Specifically, I want to allocate memory on device for floats in class constructor and then deallocate it in destructor.

I'm not sure you really want to do that. You seem to be taking a more Java-esque approach, in which everything you do is noun-centric, ie classes are used for everything: You don't solve equations, you have an "equation solver". You don't "do X", you have an "XDoer" class etc. Why not just have a (templated) function which solves an ODE system, returning the solution? Are you using your "solver" in any other way?

(this point is inspired by Steve Yegge's blog post, Execution in the Kingdom of Nouns .)

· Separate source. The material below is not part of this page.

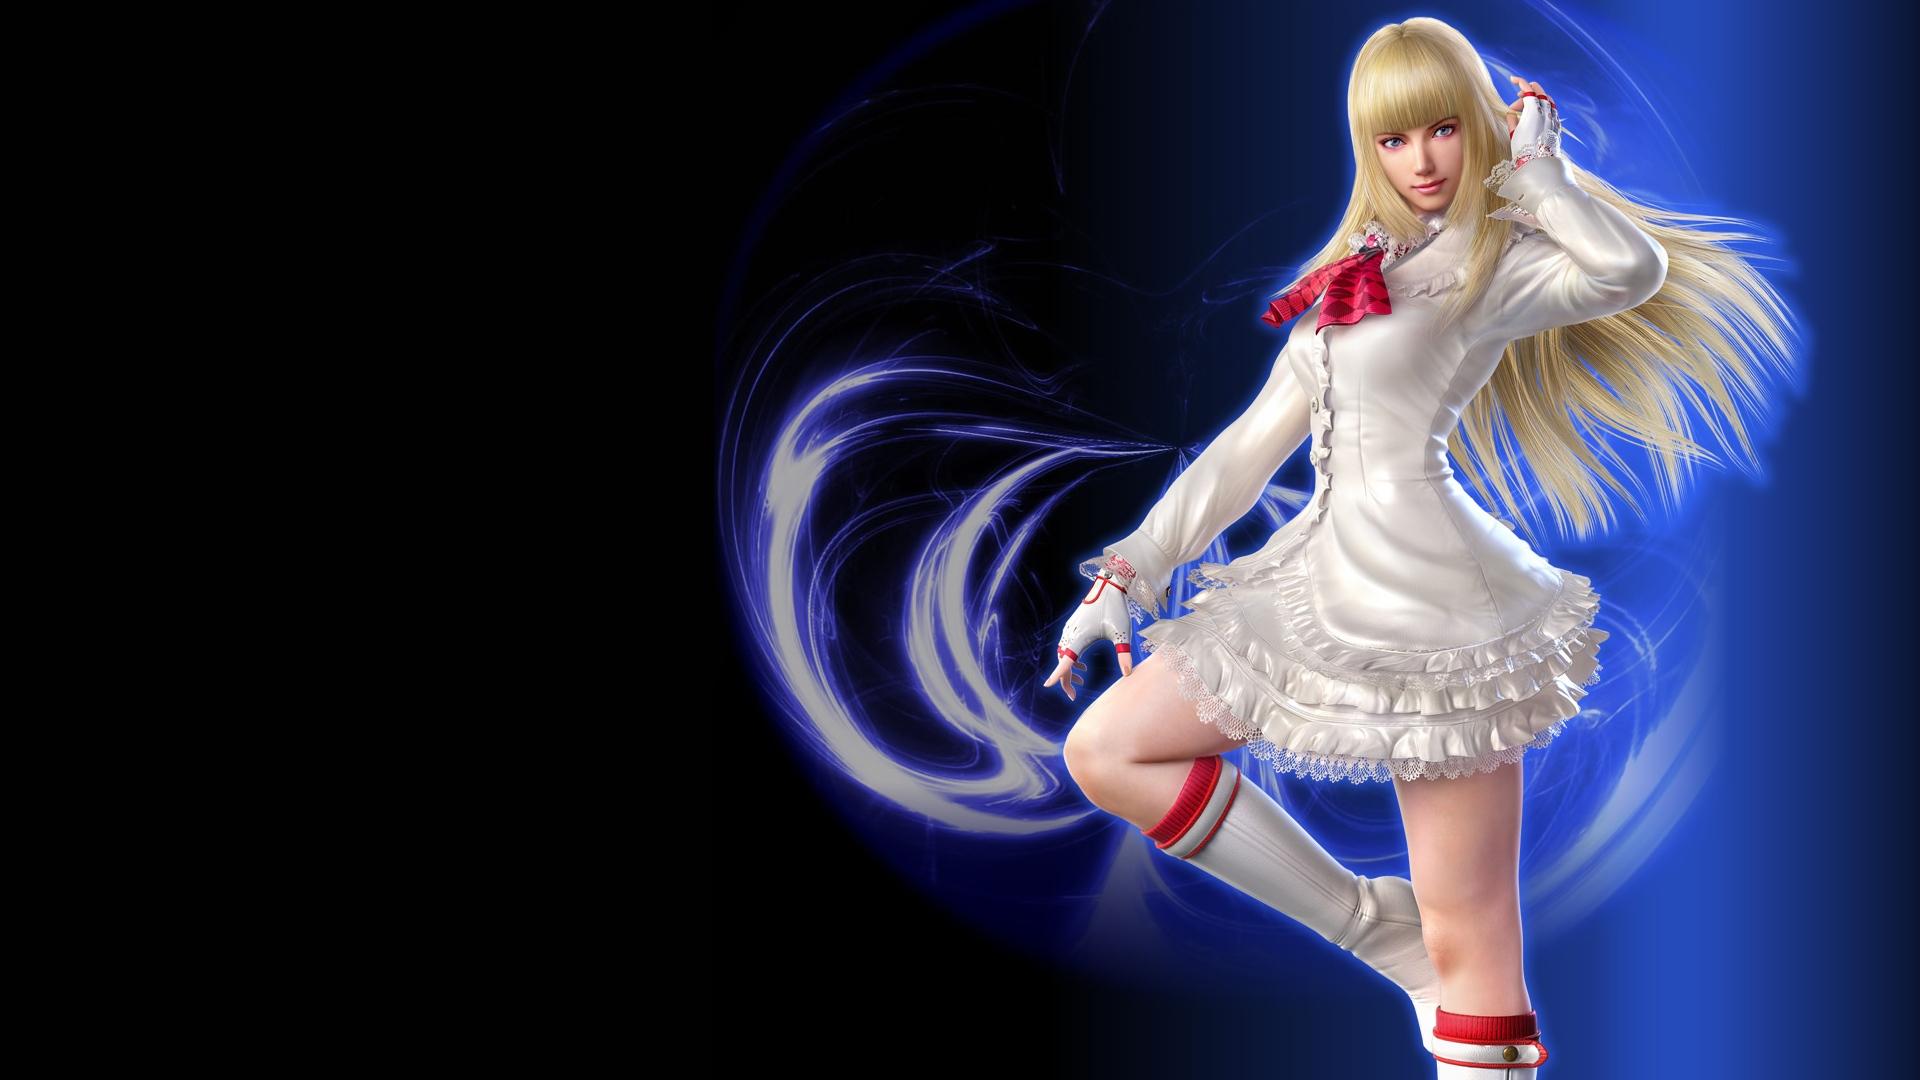 Tekken 7 Girl 540x960 Resolution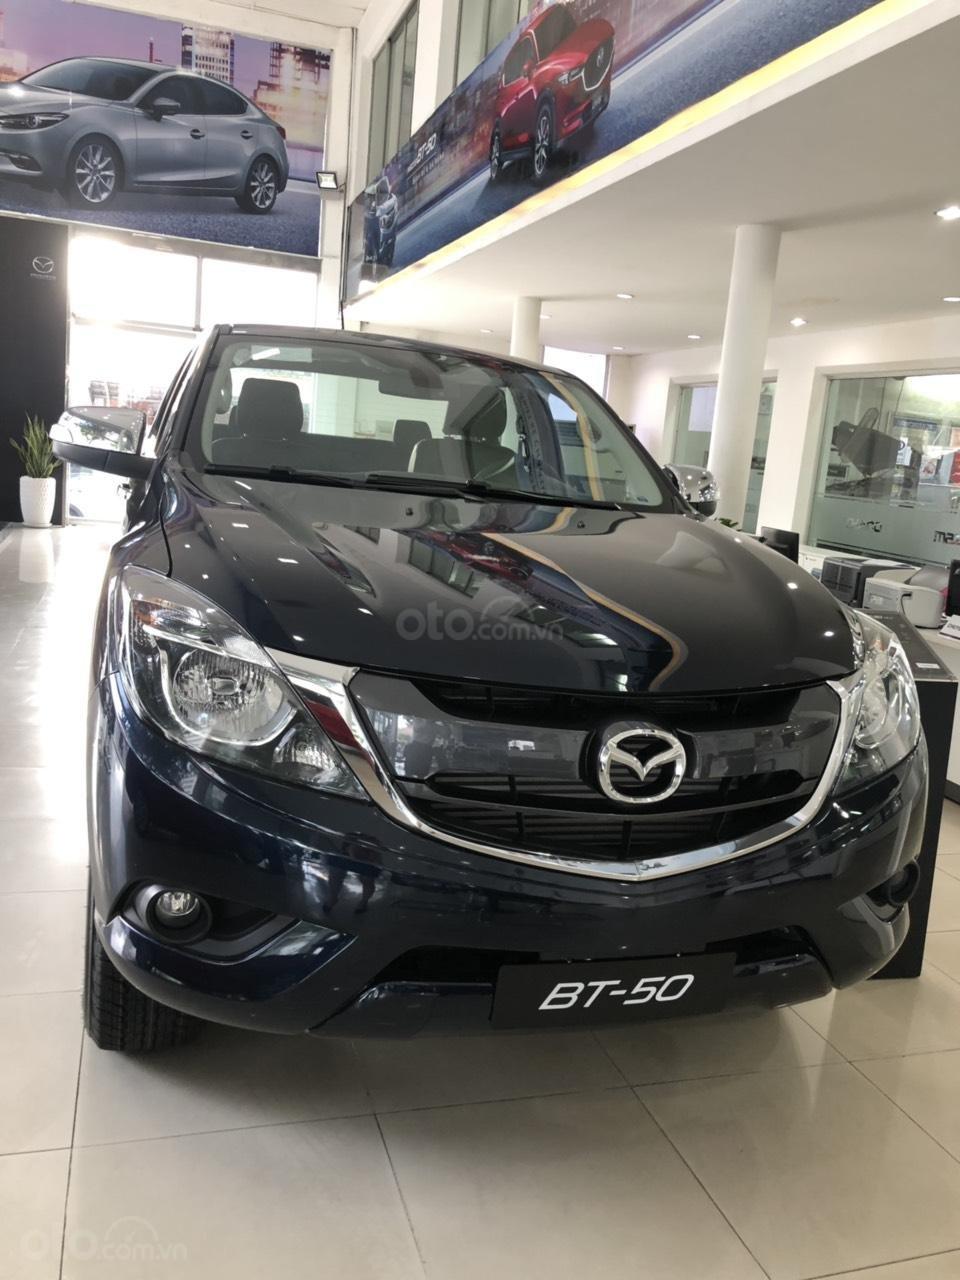 Cần bán Mazda BT 50, màu xanh đen, khuyến mãi lớn - liên hệ: 0906.612.900-0

Try to avoid allocating and de-allocating yourself

In well-written modern C++, we try to avoid direct, manual allocation of memory (that's a link to the C++ Core Programming Guidelines by the way). Now, it's true that you free your memory with the destructor, so it's not all that bad, but I'd really consider using std::unique_ptr on the host and something equivalent on the device (like cuda::memory::unique_ptr from my Modern-C++ CUDA API wrapper cuda-api-wrappers library); or a GPU-oriented container class like thrust 's device vector.

Check for errors

You really must check for errors after you call CUDA API functions. And this is doubly necessary after you launch a kernel. When you call a C++ standard library code, it throws an exception on error; CUDA's runtime API is C-like, and doesn't know about exceptions. It will just fail and set some error variable you need to check.

So, either you write error checks, like in the vectorAdd() sample I linked to above, or you get some library to exhibit more standard-library-like behavior. cuda-api-wrappers and thrust will both do that - on different levels of abstraction; and so will other libraries/frameworks.

Answer 2

You need an array on the host side and one on the device side.

Initialize the host array, then copy it to the device array with cudaMemcpy . The destruction has to be done on the host side again.

An alternative would be to initialize the array from the device, you would need to put __device__ in front of your constructor, then just use malloc .

Answer 3

You can not dereference pointer to device memory in host code:

__host__ ode(int n)
{
    cudaMalloc((void**)&nn,sizeof(int));
    *nn=n; // !!! ERROR
    cudaMalloc((void**)&eps,sizeof(float));
    size_t size=sizeof(float)*n;
    cudaMalloc((void**)&d,size);
}

You will have to copy the values with cudaMemcpy. (Or use the parameters of a __global__ function.)